USD Strengthens on Fed Delay Expectations — GBP Slips on Fiscal Jitters, EUR Steady but Vulnerable.
USD:
The dollar has strengthened notably, pushed by doubts over near-term rate cuts by Federal Reserve and a shift to safe-haven demand amid recent equity weakness. Traders now price a 65% chance of a rate cut in December, compared with 94% a week earlier, CME FedWatch showed. With U.S. data releases constrained by the government shutdown, investor focus has drifted toward policy and risk appetite rather than fresh fundamentals giving the dollar a structural tailwind.

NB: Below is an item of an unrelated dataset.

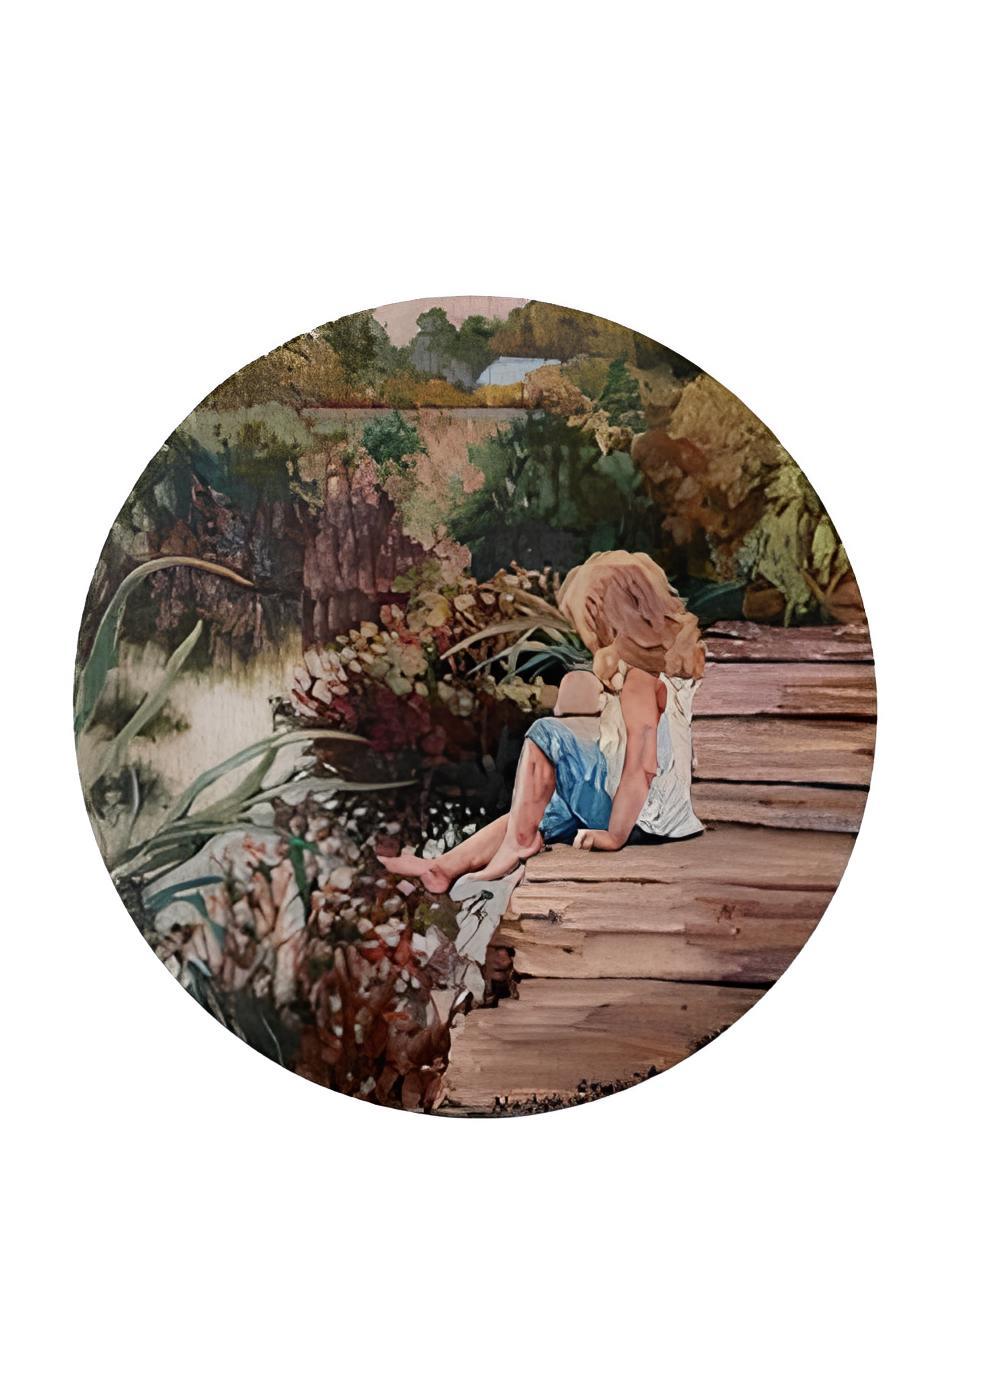 Summer stories. At the  overgrown pond - Painting by Nadezda Stupina

If the Fed signals it will delay cuts, or if global risk sentiment weakens further, USD could extend gains. If U.S. employment/inflation data disappoints, or the shutdown ends and uncertainty lifts, USD may soften.
EUR:
The euro is showing relative resilience compared to the pound but is still vulnerable given its exposure to USD strength and structural euro-zone headwinds. The European Central Bank has remained on hold at 2.00 % for some time, which hints at limited near-term upside impetus from policy. On the data front, markets are awaiting final October services-sector PMIs and producer price index data for Germany and the euro-zone — the results may influence short-term euro momentum.

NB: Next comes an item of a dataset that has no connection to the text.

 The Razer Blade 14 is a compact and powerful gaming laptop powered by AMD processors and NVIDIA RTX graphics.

Strong USD, weak data in euro-zone, or dovish ECB comments could push EUR lower. Positive euro-zone data (PMI, inflation) or a shift in ECB forward guidance could lift EUR.
GBP:
The pound has come under pressure with markets are increasingly pricing in rate cuts by Bank of England and factoring in weaker UK fiscal prospects. Yesterday markets were pricing in a 33% chance of a rate cut this week, but following yesterdays speech from Rachel Reeves this has gone up slightly, although markets are not pricing it in completely which means if they do cut the GBP could weaken further. The recent pre-Budget comments from the UK Chancellor signalling large fiscal measures (including tax rises) have spooked markets, hurting the GBP outlook.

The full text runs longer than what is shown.